**Task objective:**
An exact transcription of all the data is required; the pictures are to be left out.

++++++

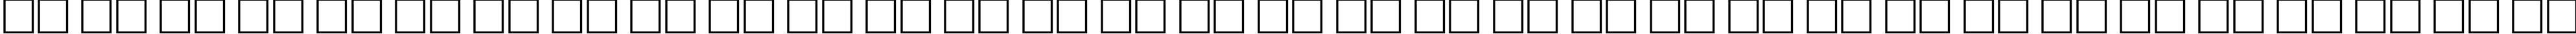 Пример написания русского алфавита шрифтом Aardvark60n
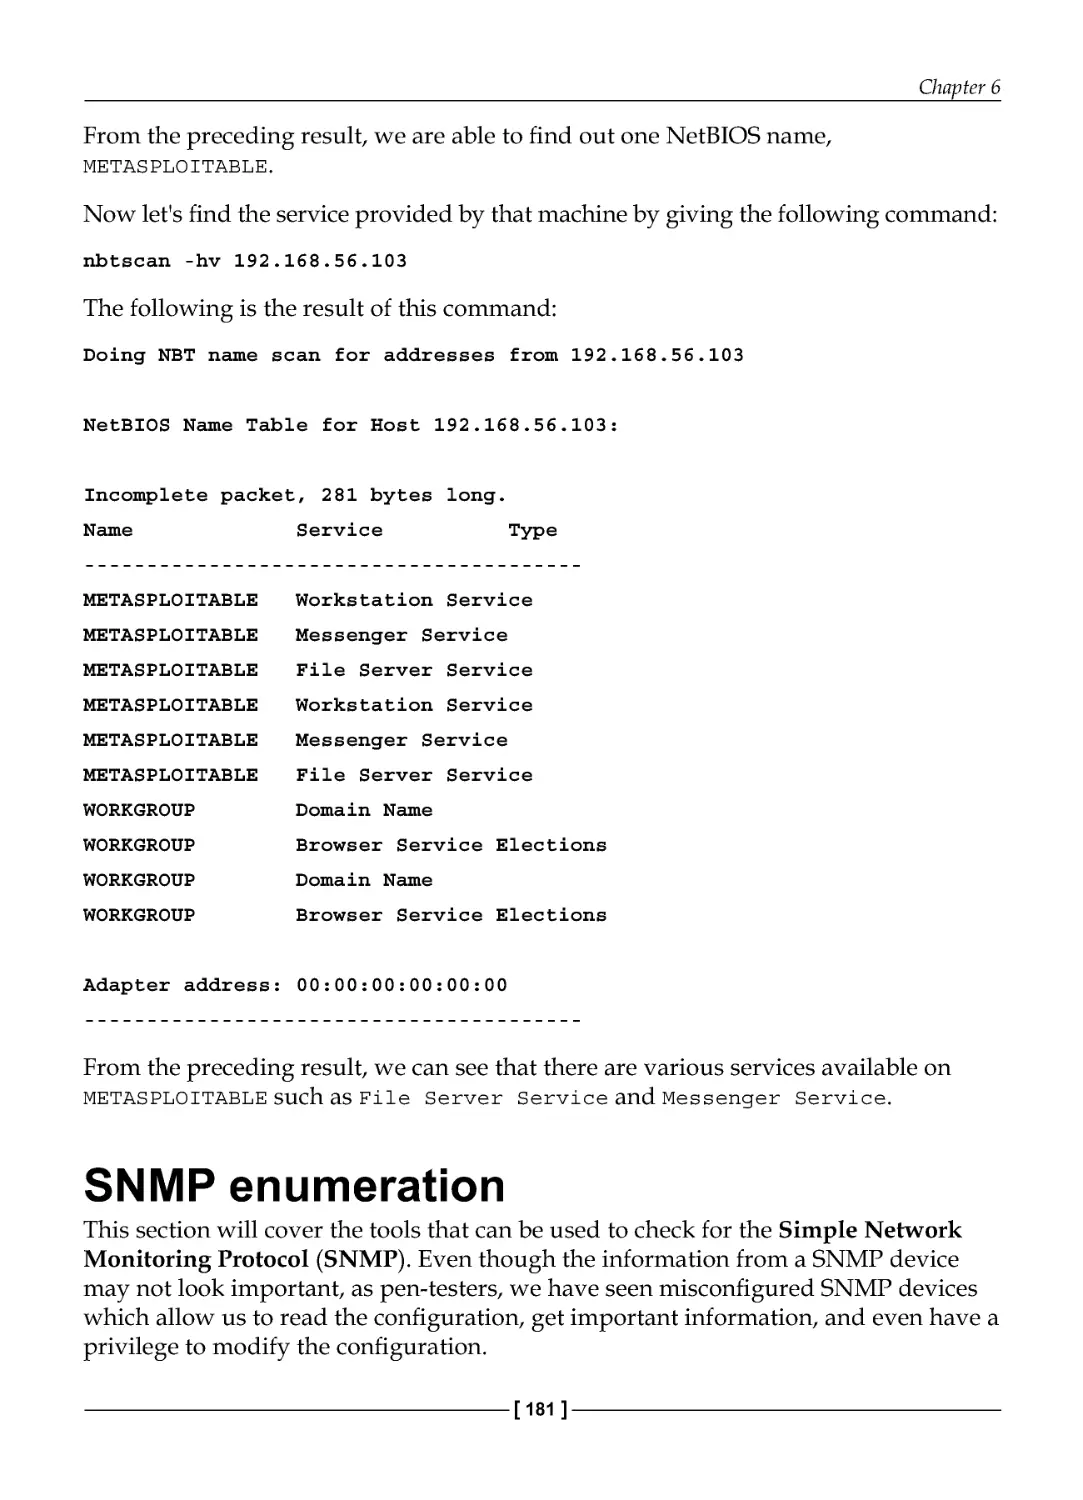 SNMP enumeration
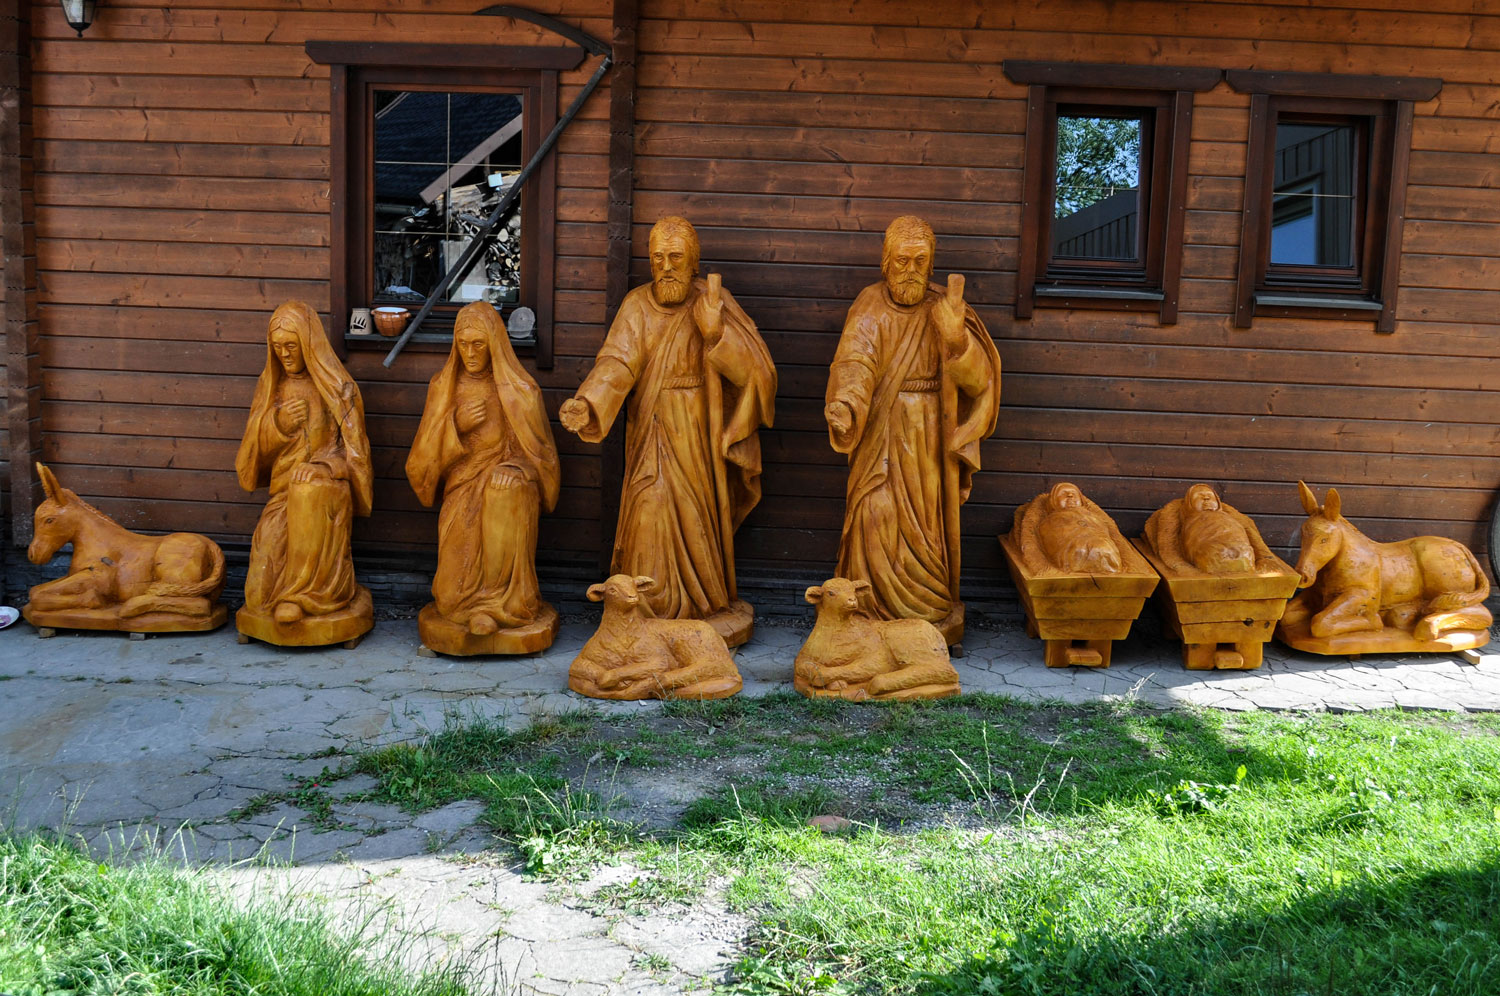 drevorezba-vyrezavani-carving-wood-drevo-socha-figura-betlem-radekzdrazil-20230725-01
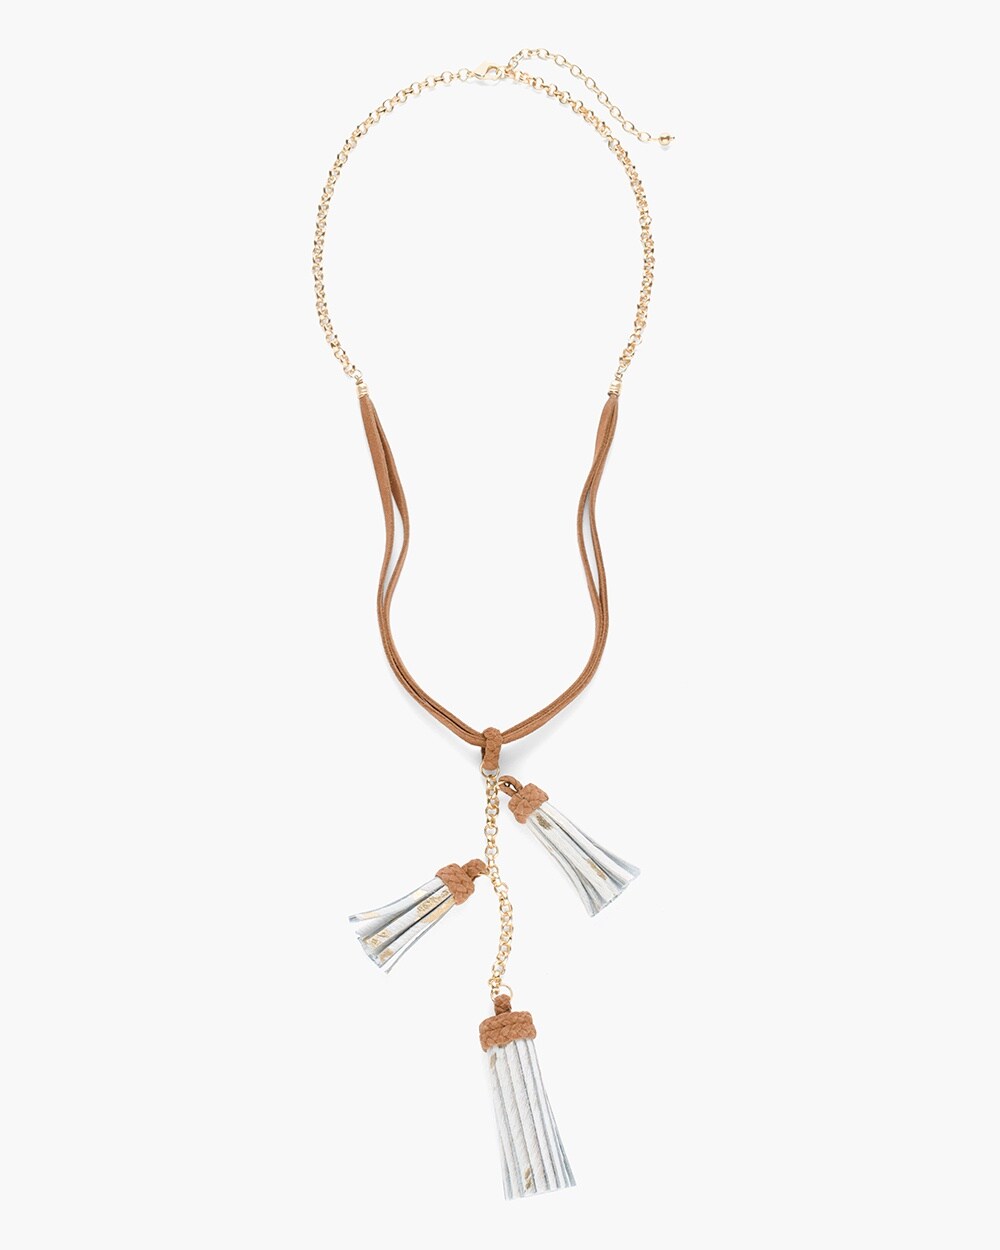 Sydney Tassel Necklace
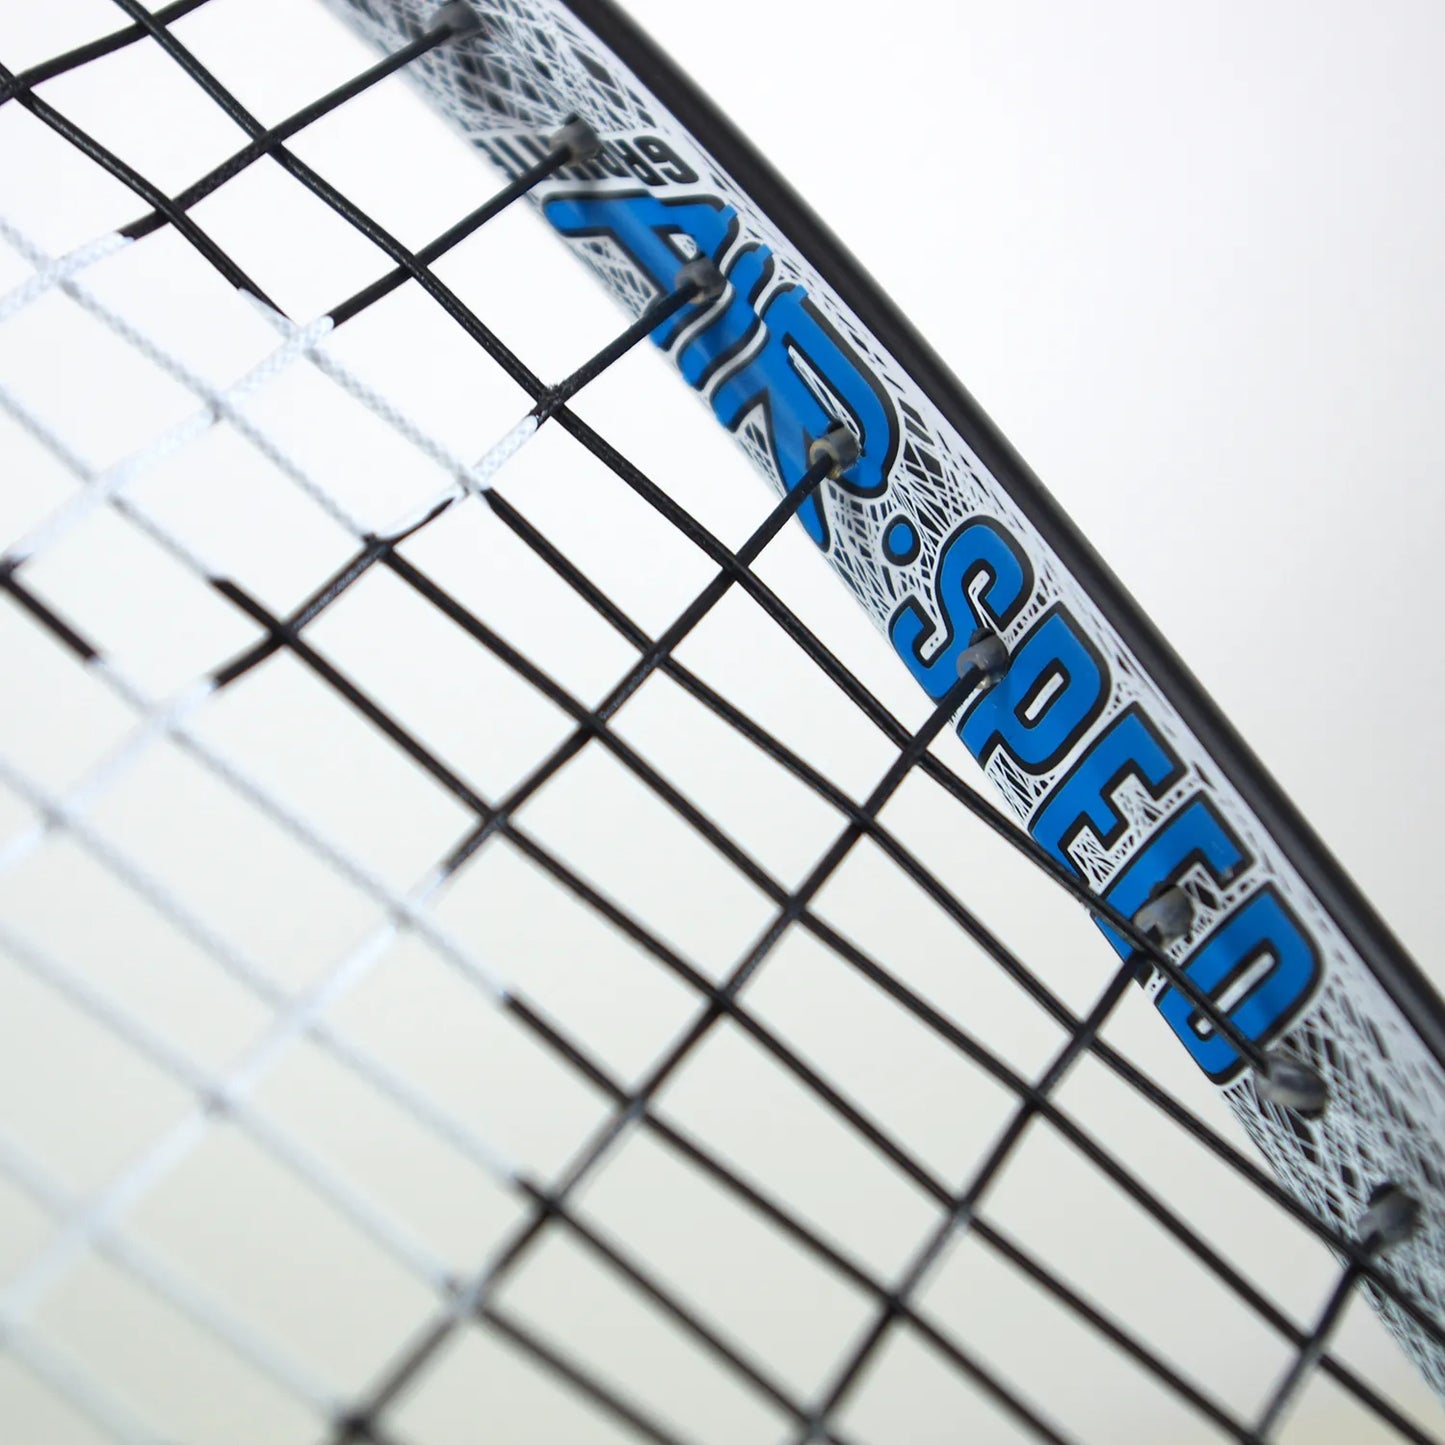 Karakal Air Speed Squash Racket
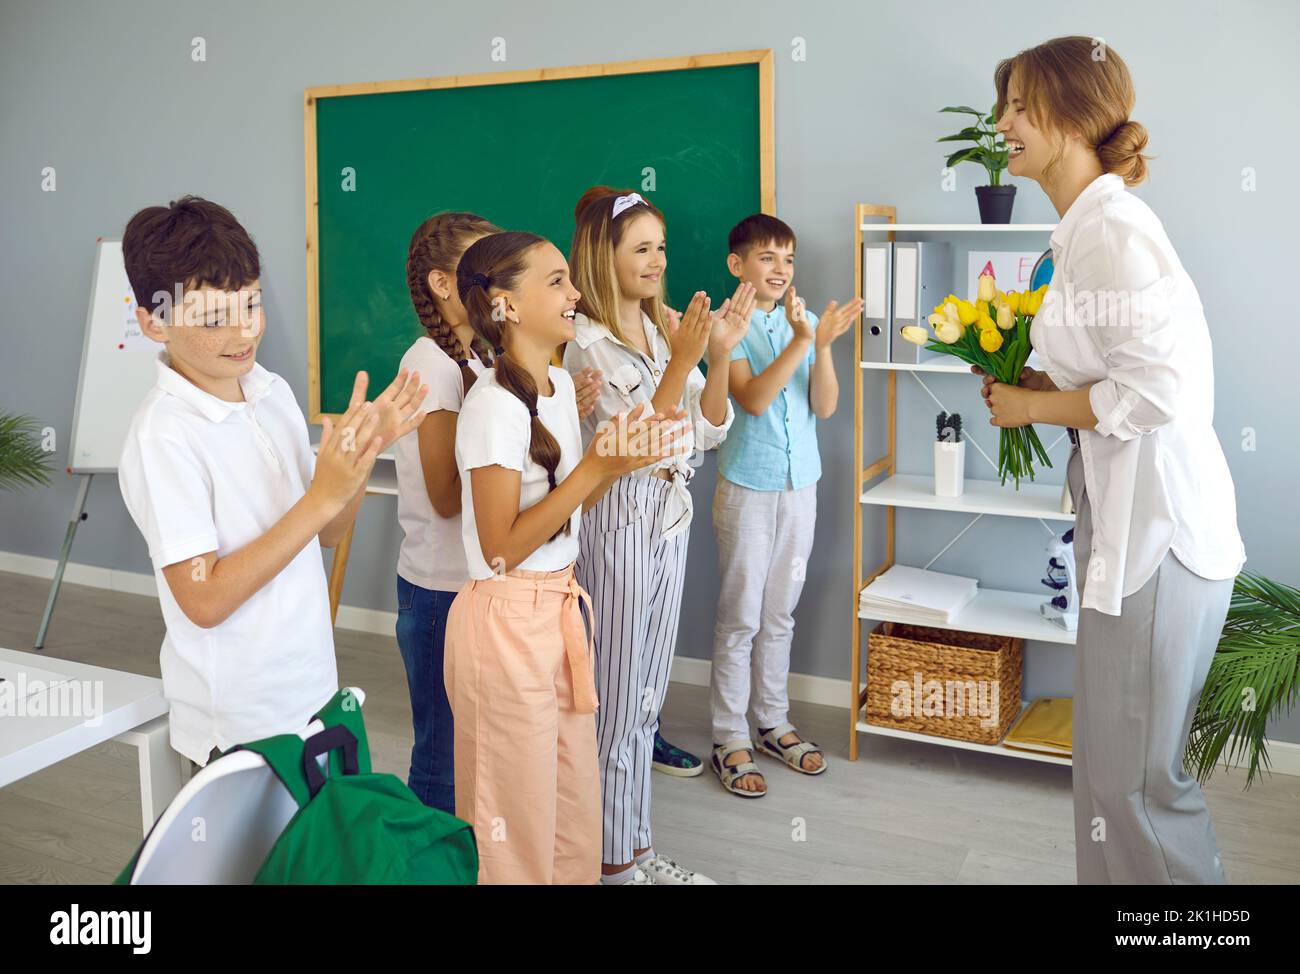 Cheerful schoolchildren in school congratulate their female teacher on International Teacher's Day. Stock Photo

++++++

**Written answer:**
 Пример написания русского алфавита шрифтом Aardvark60n
 SNMP enumeration
 drevorezba-vyrezavani-carving-wood-drevo-socha-figura-betlem-radekzdrazil-20230725-01
 Sydney Tassel Necklace
 Karakal Air Speed Squash Racket
 Cheerful schoolchildren in school congratulate their female teacher on International Teacher's Day. Stock Photo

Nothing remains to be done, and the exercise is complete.